Convém explanar que para alguns autores, ao relacionar a alfabetização

apenas ao ler e escrever, dando ênfase apenas ao processo codificação e

decodificação, esquecemos de que a alfabetização da criança tem que ser vista de

modo contínuo e evolutivo, isto é, a aprendizagem e o uso social do ler e escrever

vão se desenvolvendo com o tempo, por isso torna-se desnecessário o uso do termo

letramento. De acordo com Emília Ferreiro (1989) não temos necessidade de usar

outro termo para se referir a algo que já deveria estar inserido no processo de

alfabetização. Pensamento semelhante tem Moacir Gadotti, sendo até mais “radical”

ao defender o termo alfabetização em oposição ao letramento, para ele “tentam

esvaziar o caráter político da educação e da alfabetização” (2005, p.48).

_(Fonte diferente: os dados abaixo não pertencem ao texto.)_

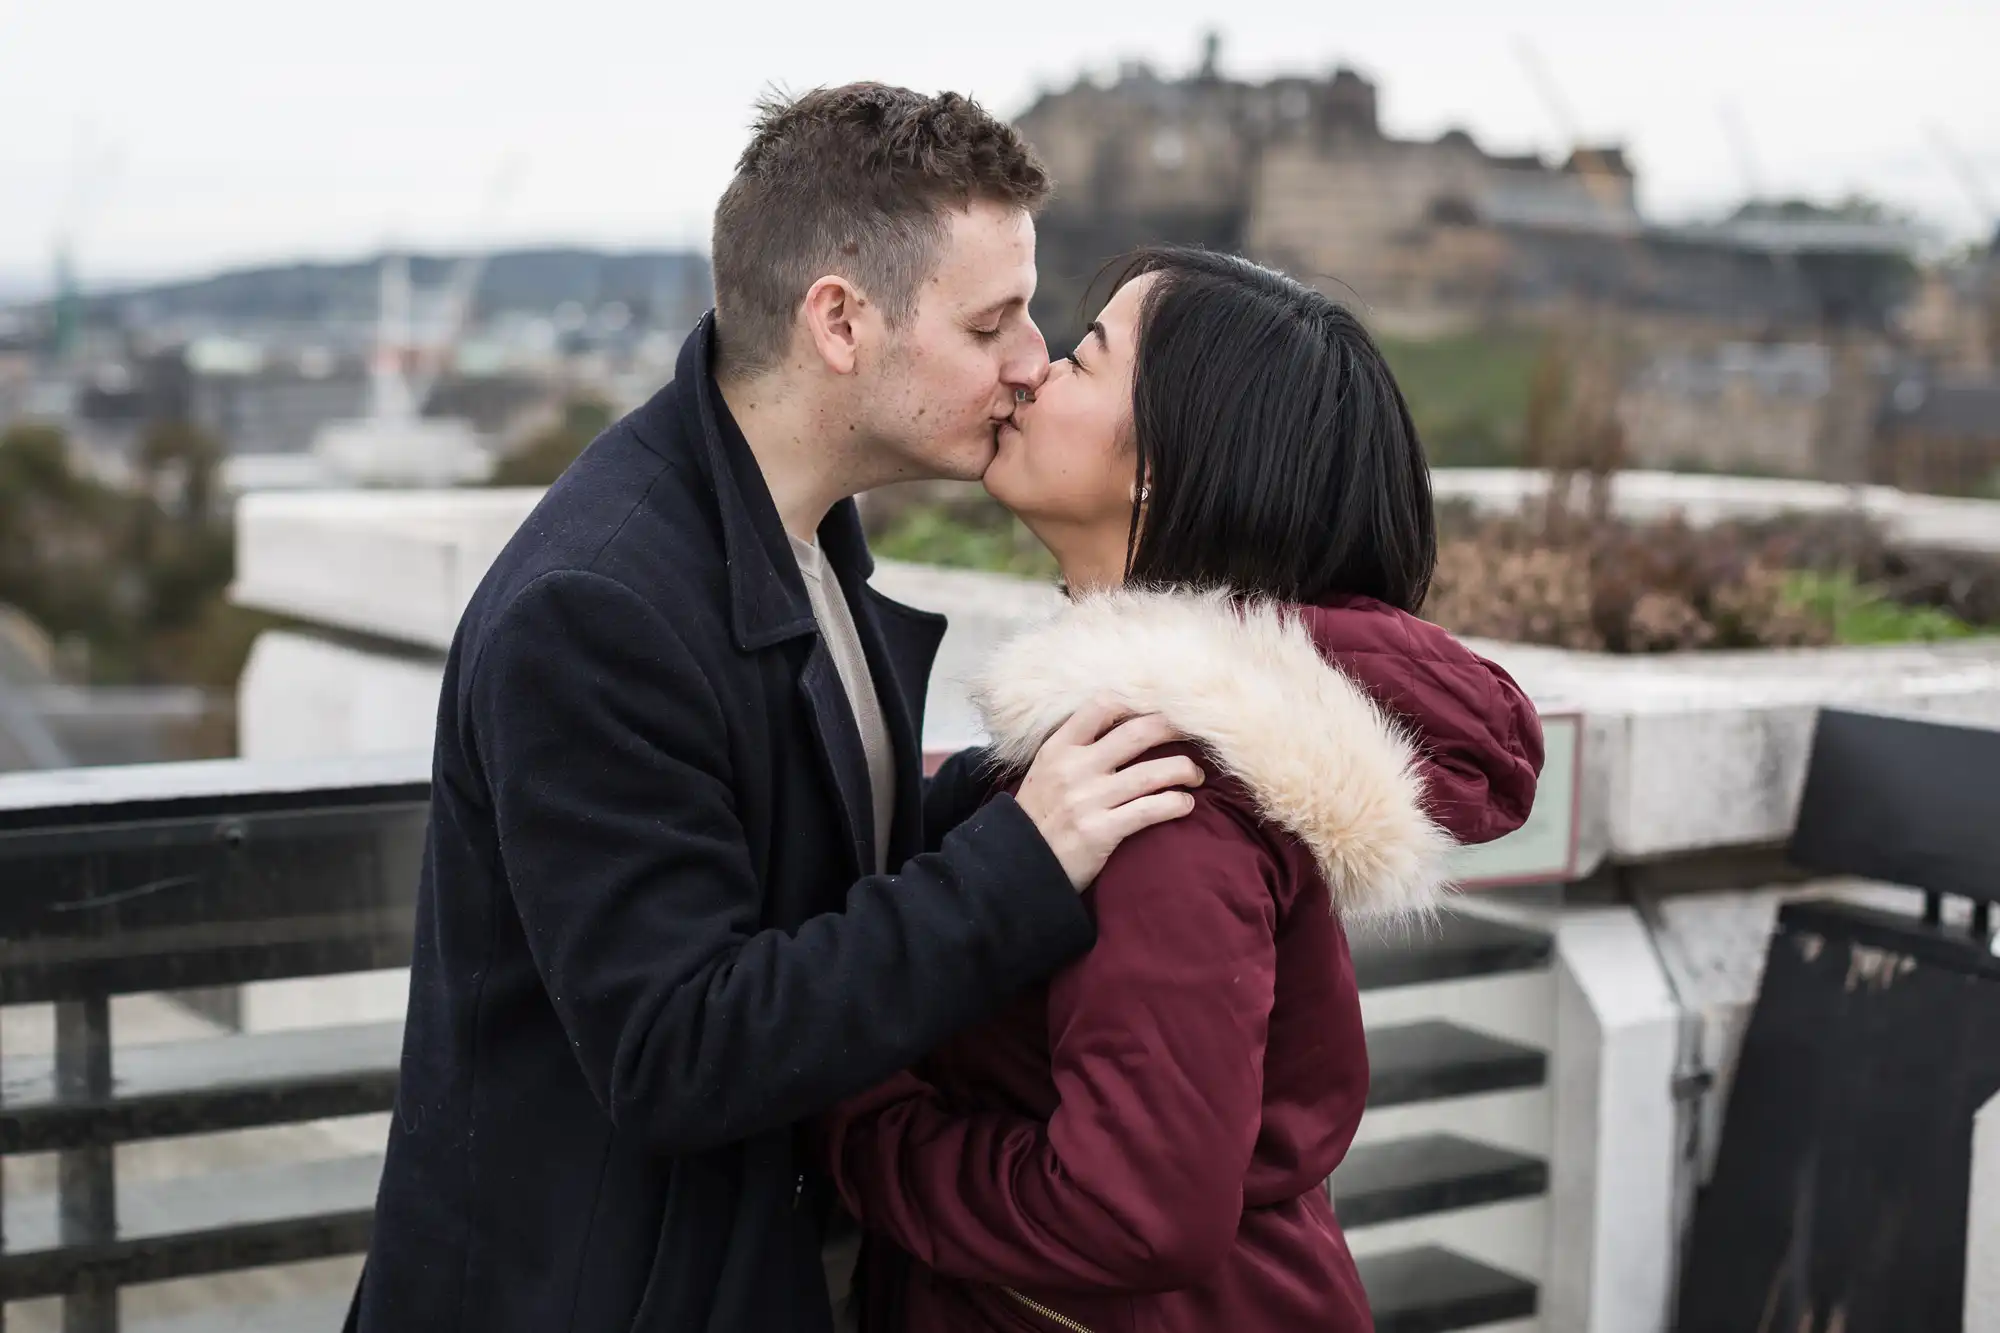 A couple kissing on a rooftop with a blurred cityscape and castle in the background.
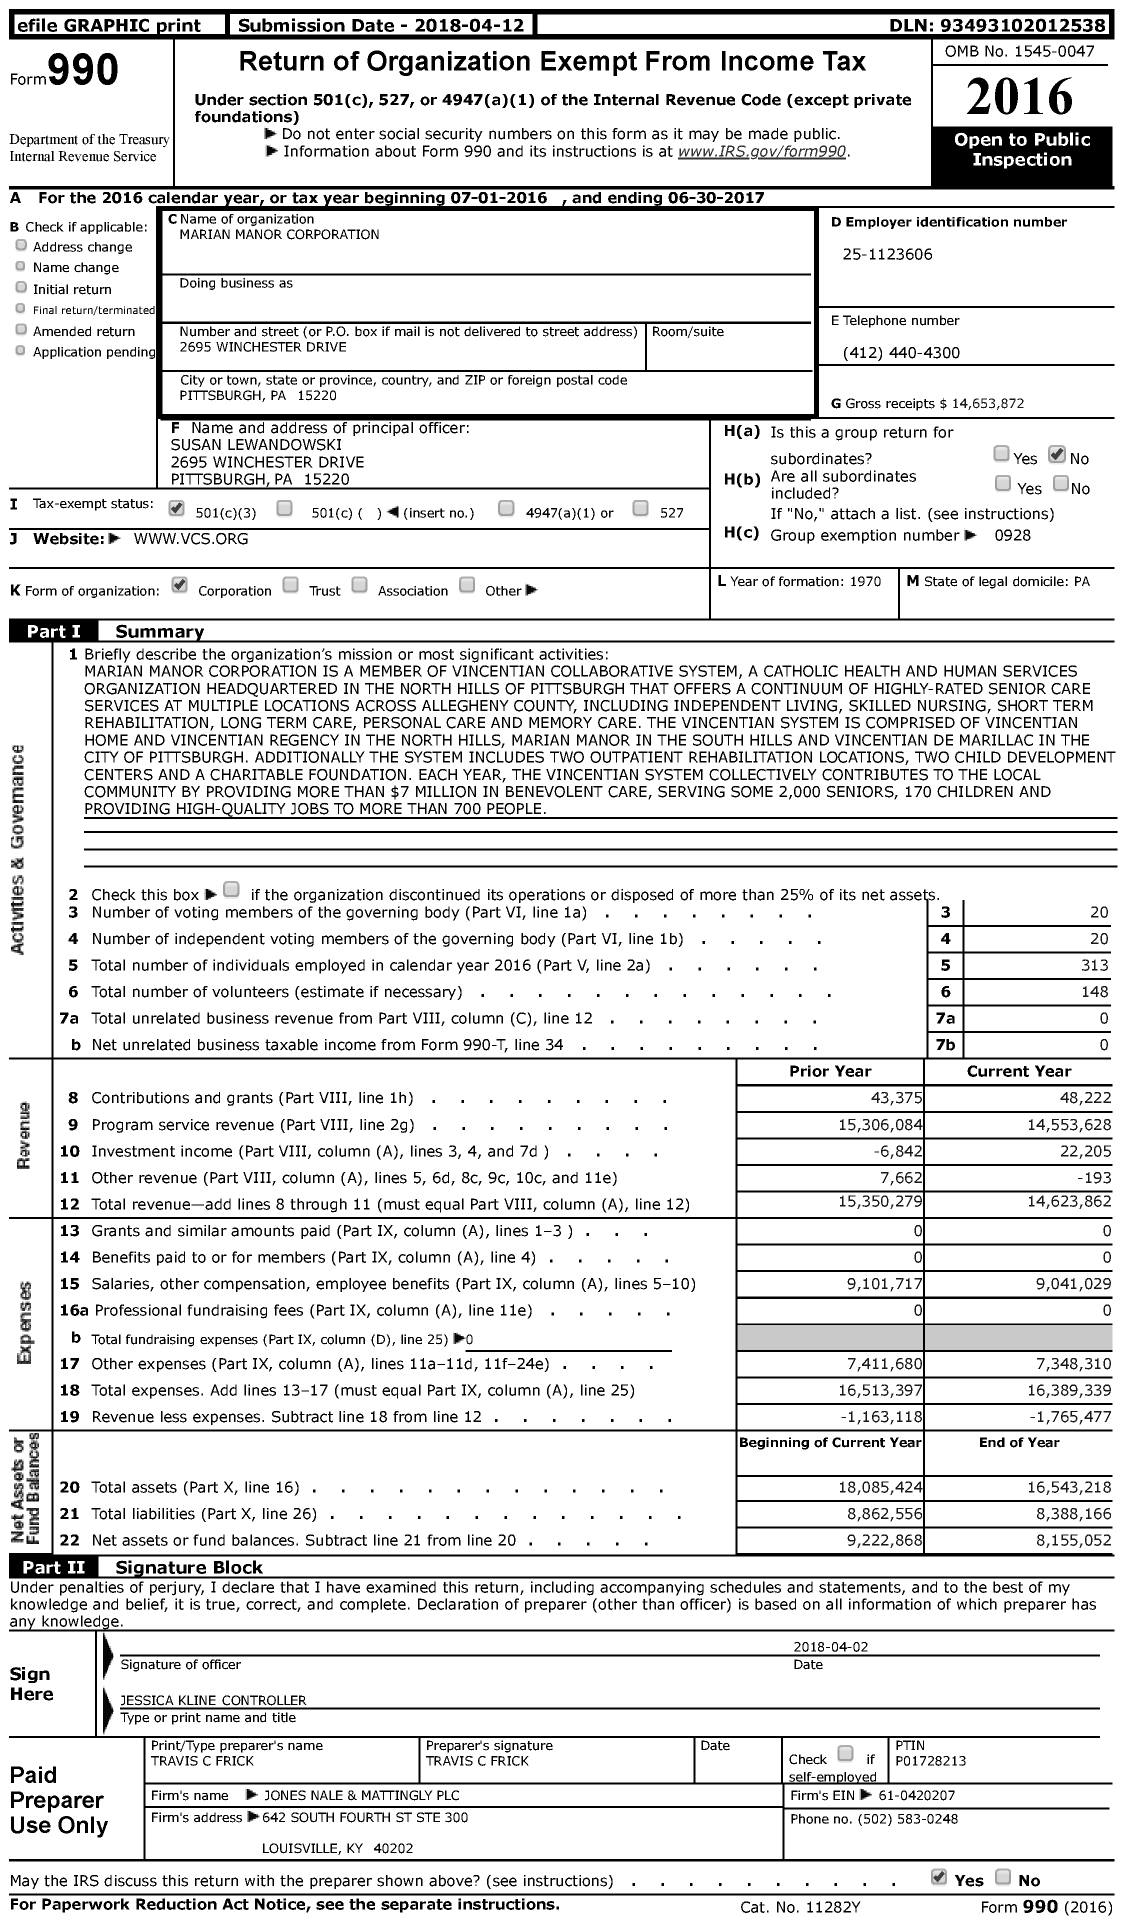 Image of first page of 2016 Form 990 for Marian Manor Corporation

Dentro de

seu raciocínio

[...] a palavra alfabetização tem um peso, uma tradição no contexto do paradigma da educação popular, e que esta é a maior contribuição da América Latina à história universal das idéias pedagógicas (2005, p.49).

O autor explana ainda que ao abdicar do termo alfabetização em favor do

letramento, “daqui a pouco, deveremos nos referir às alfabetizadoras como

letramentadoras? Além do equívoco conceitual, sonoramente seria uma lástima!

Emília Ferreiro tem razão: é um retrocesso”. (GADOTTI, 2005, P.49).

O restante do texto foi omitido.